When this method is valid

This calculation is most reliable under these conditions:

• The sparingly soluble salt is present as a solid phase, so equilibrium can be maintained.
• The system is near 25 C if you use the 0.05916 constant.
• The solution behaves close to ideal or activity corrections are negligible.
• Complex ion formation is weak or intentionally ignored.
• There are no significant competing equilibria that alter the free metal ion concentration.

If complexation is important, Ksp alone may not be enough. For example, silver can form complexes with ammonia, cyanide, or thiosulfate. In those cases, free Ag⁺ may be far lower than predicted by simple solubility equilibrium, and the electrode potential will shift accordingly.

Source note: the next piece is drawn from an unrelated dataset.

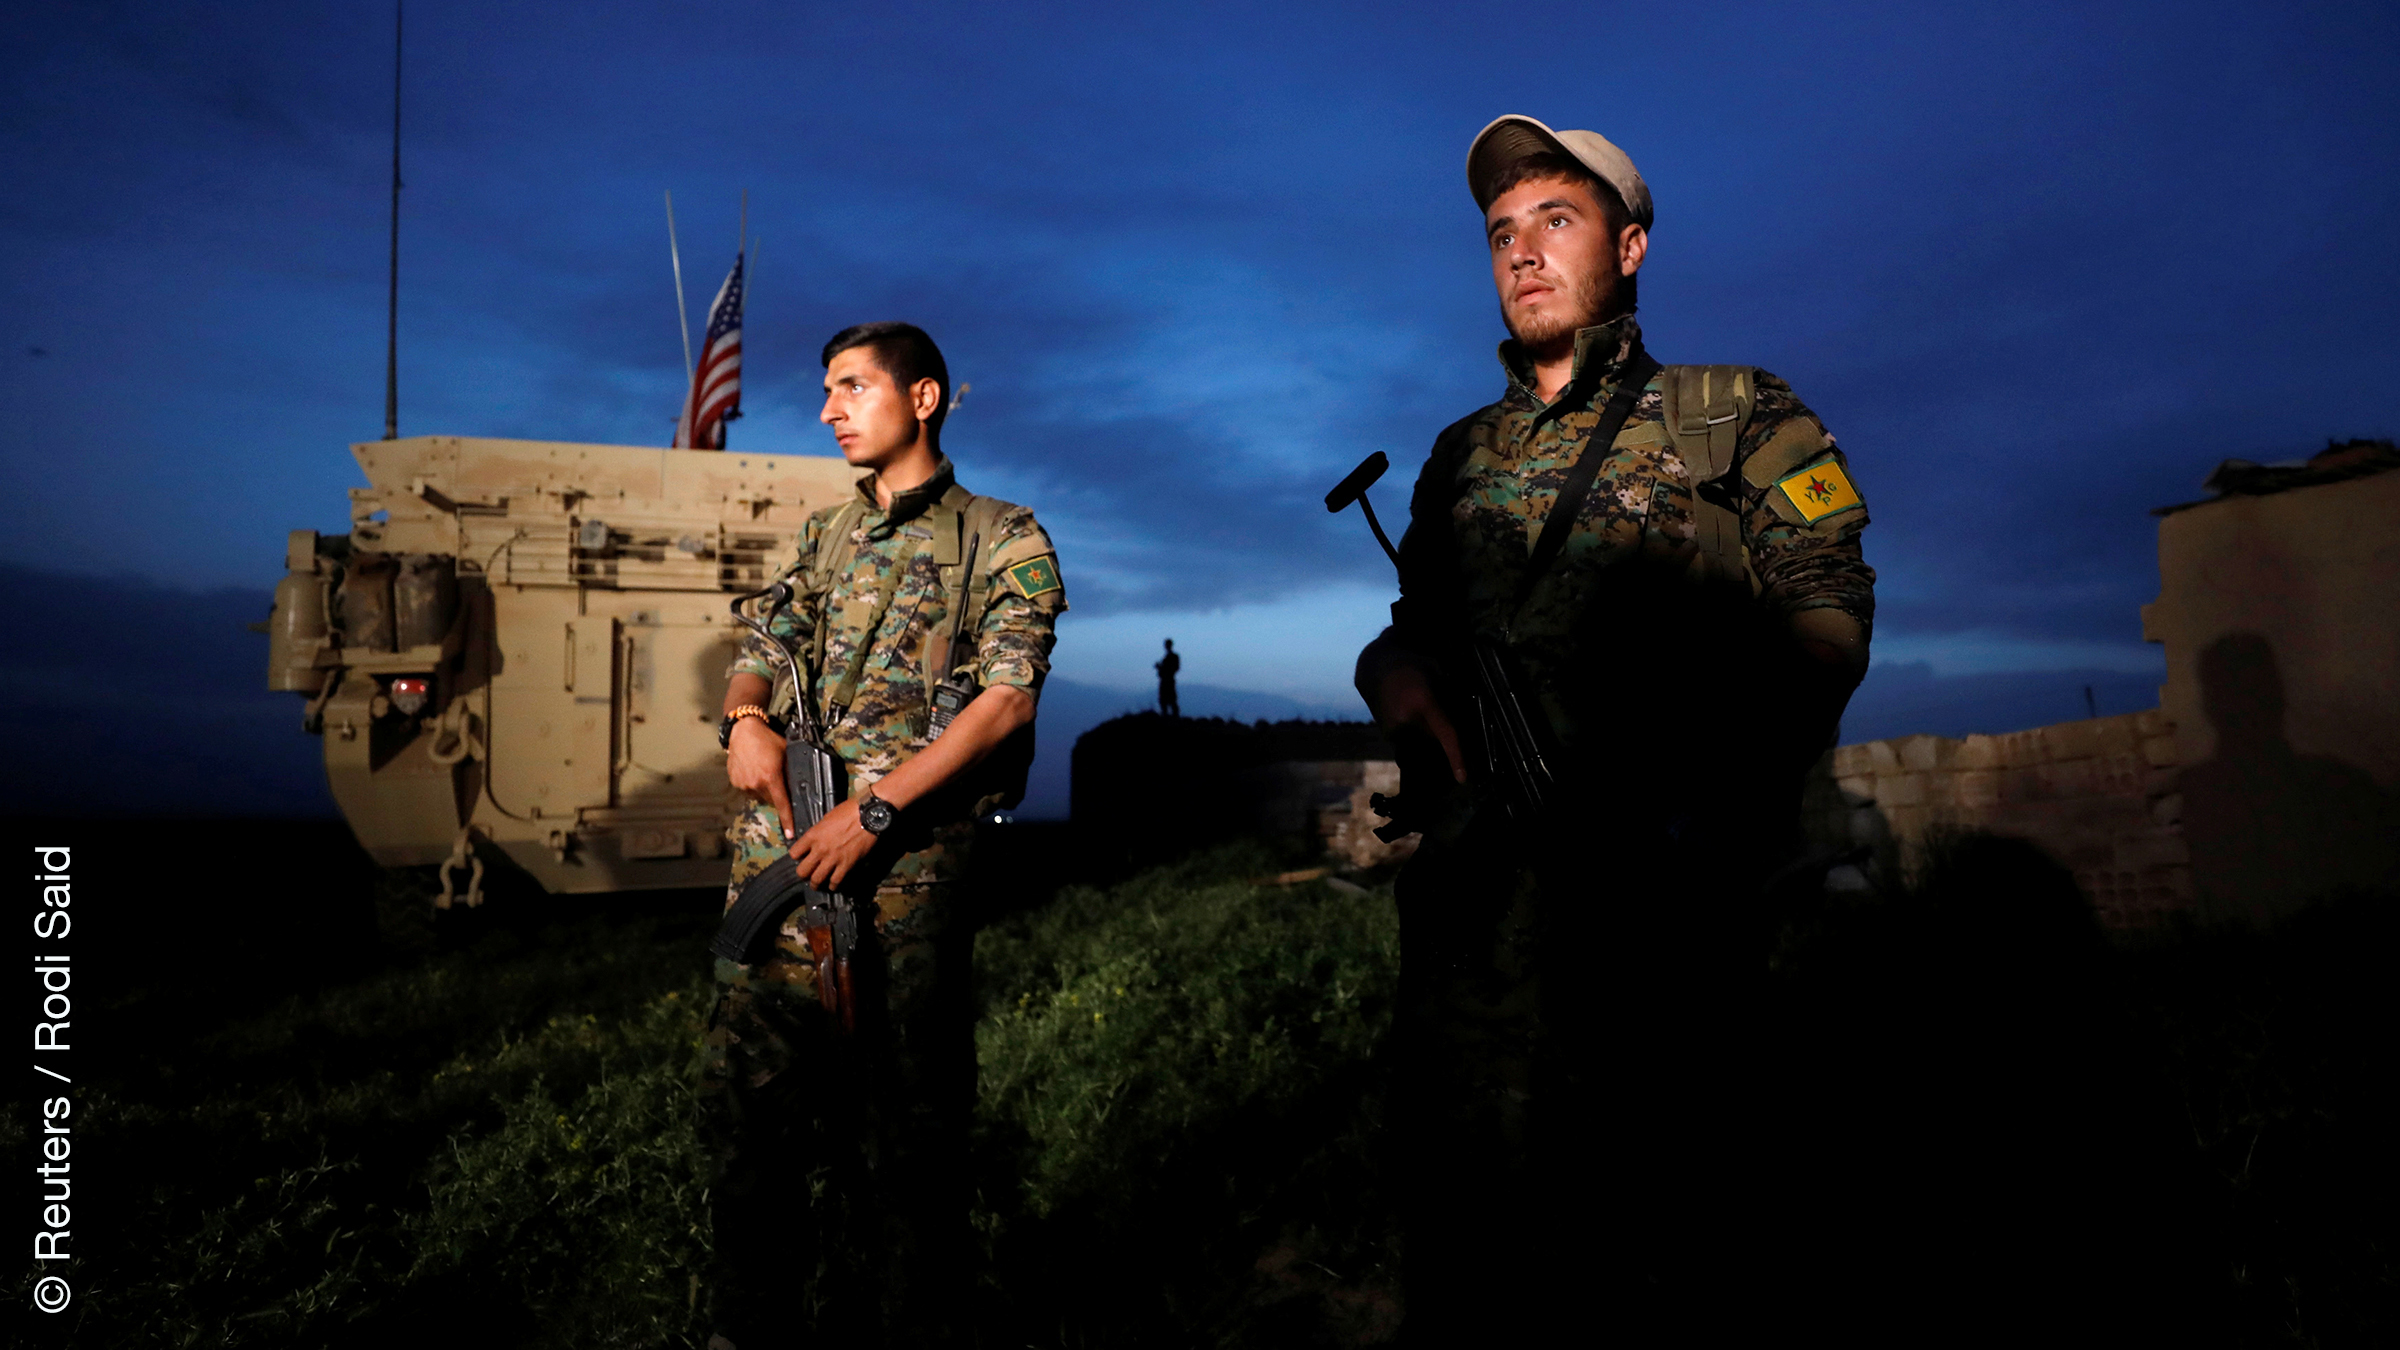 Kurdische Kämpfer nahe der türkischen Grenze.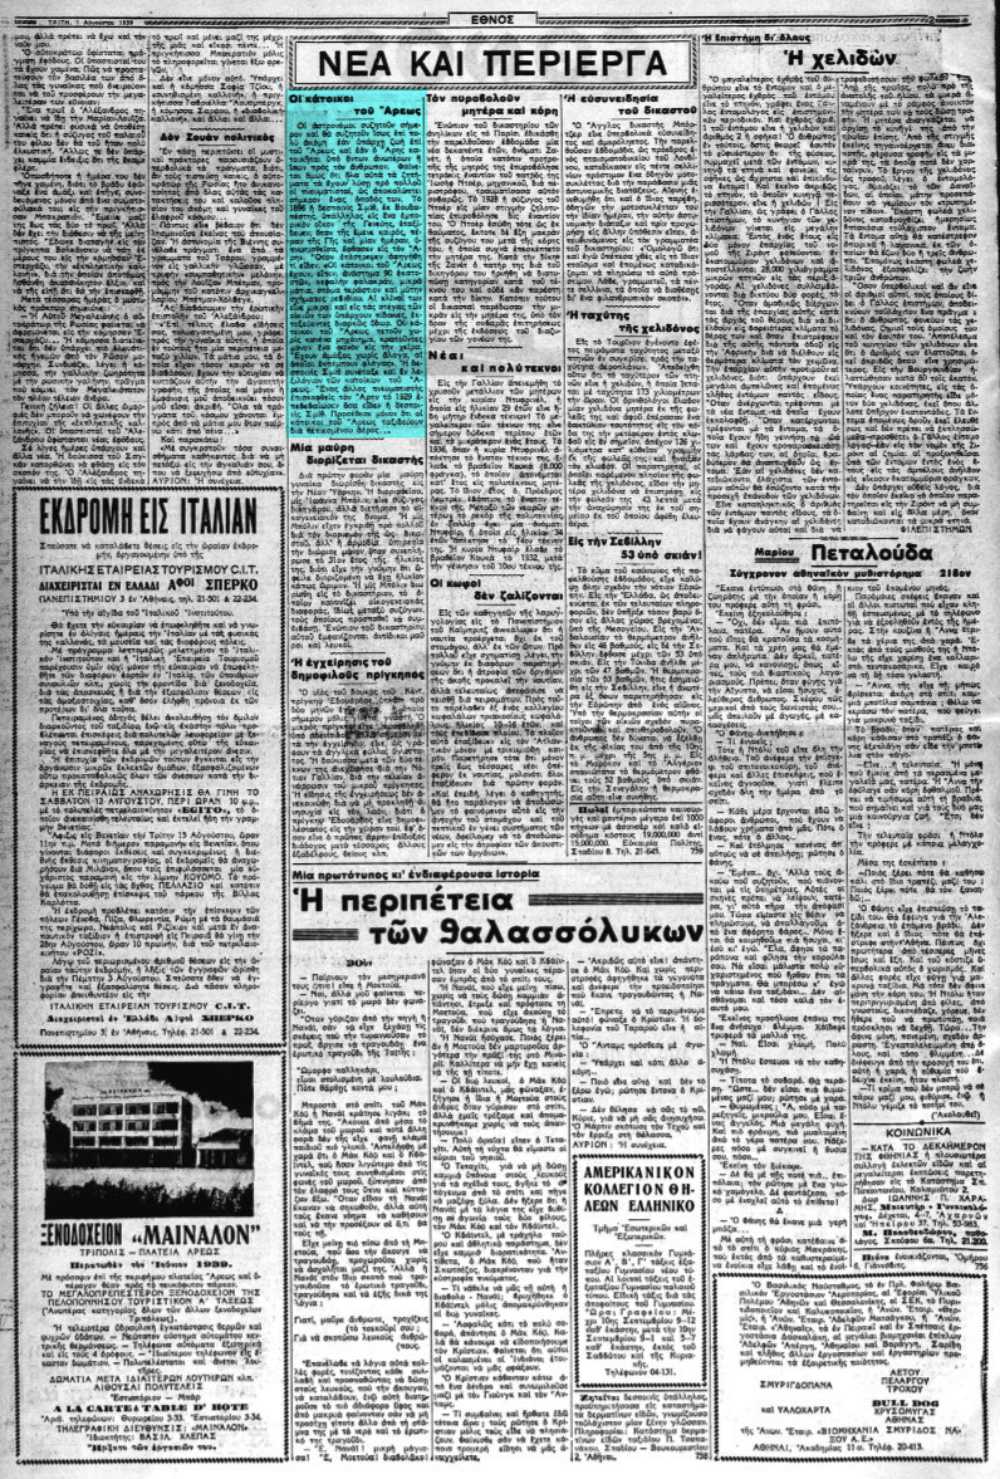 Το άρθρο, όπως δημοσιεύθηκε στην εφημερίδα "ΕΘΝΟΣ", στις 01/08/1939

Authority sources for deeper study

For reliable background on electrochemistry, equilibrium constants, and reference electrodes, consult these sources:
LibreTexts Chemistry
National Institute of Standards and Technology
NIST Chemistry WebBook
University of California Berkeley Chemistry
U.S. Environmental Protection Agency

Final takeaway

To calculate electrode potential from Ksp, first use the solubility product to determine the equilibrium concentration of the dissolved metal ion, then insert that concentration into the Nernst equation. This procedure turns a precipitation problem into an electrochemical prediction. It explains why reference electrodes are stable, why common ions shift potentials, and why electrochemistry and equilibrium chemistry are so tightly connected. If you know the correct Ksp, the right stoichiometry, the standard reduction potential, and the ion concentration of the common anion, you can calculate the electrode potential quickly and with confidence.

Educational note: values in tables are representative 25 C reference figures commonly used in chemistry instruction and laboratory practice. Exact potentials vary with concentration convention, ionic strength, activity coefficients, and electrode construction.